Kanyogoga is our second case area. It is located south-east of Kampala and like Bwaise it is also situated in a low-lying swamp, close to Lake Victoria. As we walked around with the local committee chairman on our first day, the households that seemed most vulnerable were those that were closest to the swamp which is also increasingly flood-prone. Some of the households we are shadowing here engage in urban agriculture and livestock rearing to supplement their incomes and to put food on the table.

From our visits to households in the two areas we have found food to be an integral part of Ugandan culture, and a well-prepared dish of steamed and mashed matooke (plantain) served with groundnut sauce (or G–Nuts as they are called around here) is just one of the delicacies people love.

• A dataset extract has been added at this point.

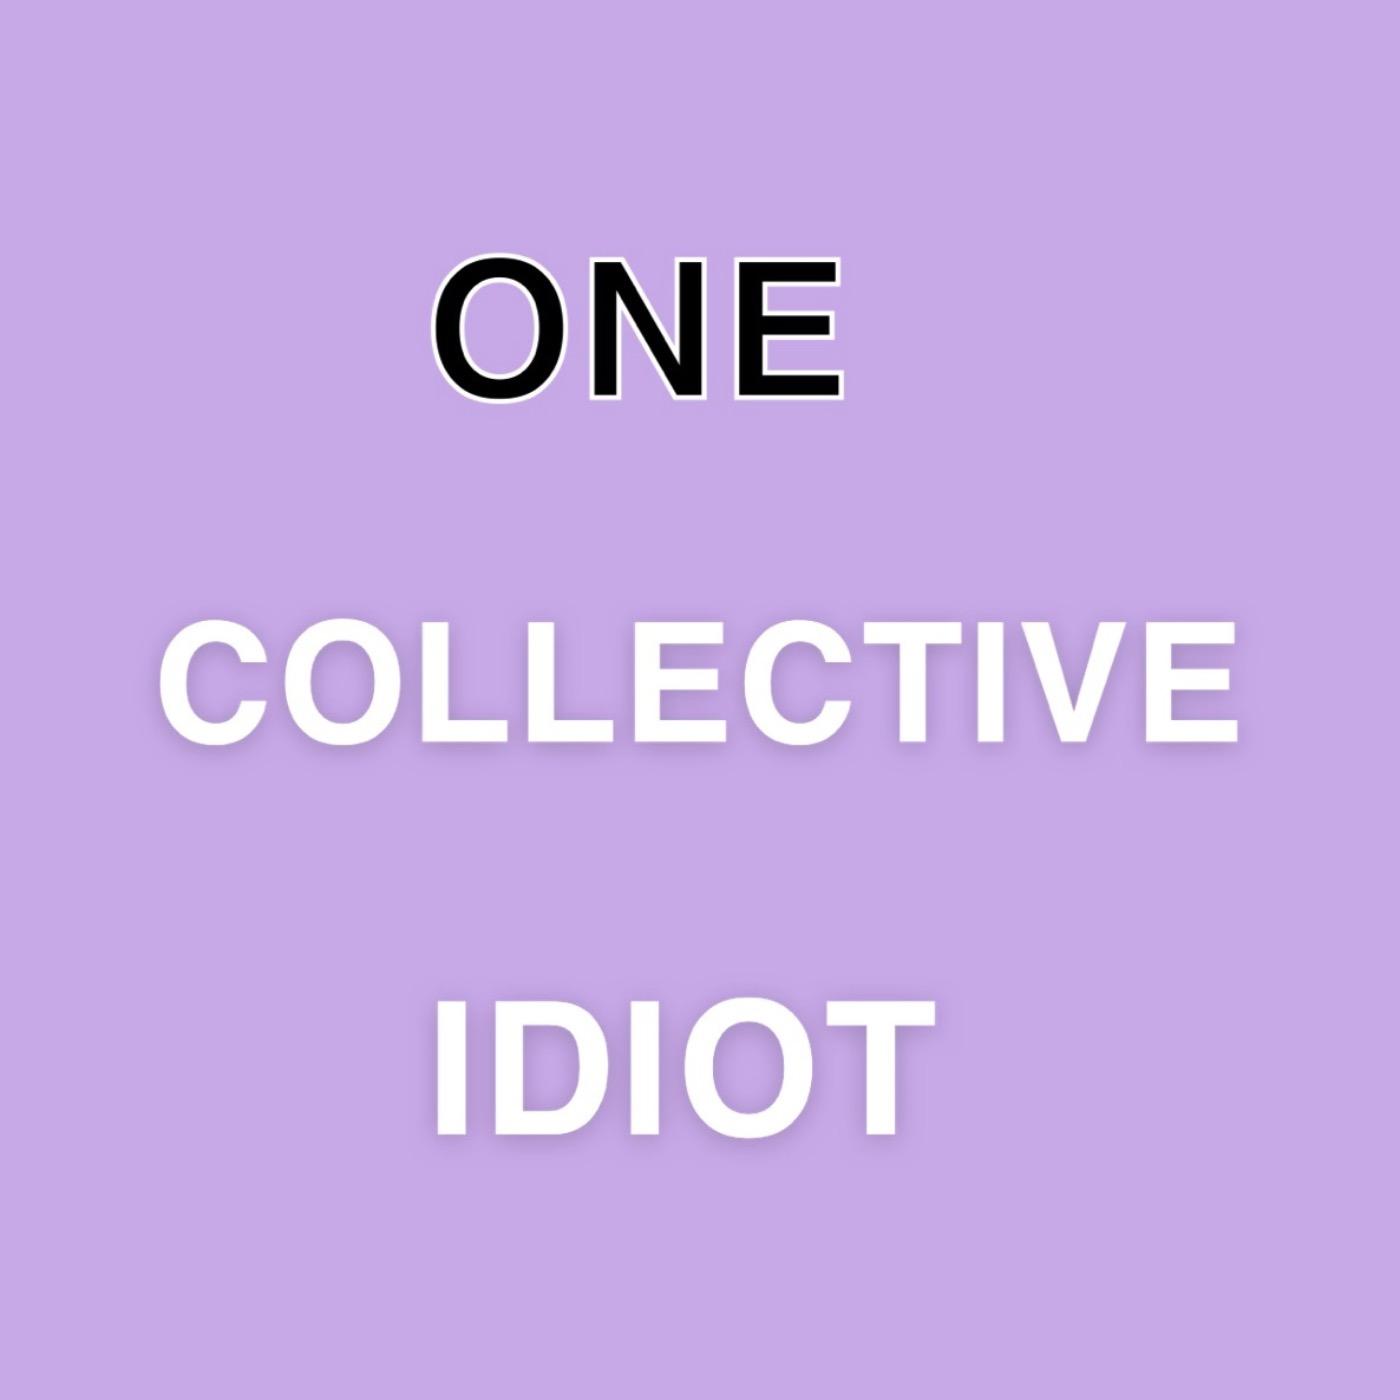 One Collective Idiot

However as my colleagues and I continue to interact with the households, we are finding that food insecurity is on the increase as households struggle to put food like matooke on the table every evening.

Furthermore, as we trace the water and energy flows in the two settlements we are also finding that households are vulnerable to rising charcoal prices and sometimes have to resort to unsafe water sources when they cannot afford to buy treated water from standpipes provided by the City. In our upcoming blogs we will be introducing you to some of our respondents in Bwaise and Kanyogoga.  This will give you a peak into how they bring food-water-energy together as they cook for their families.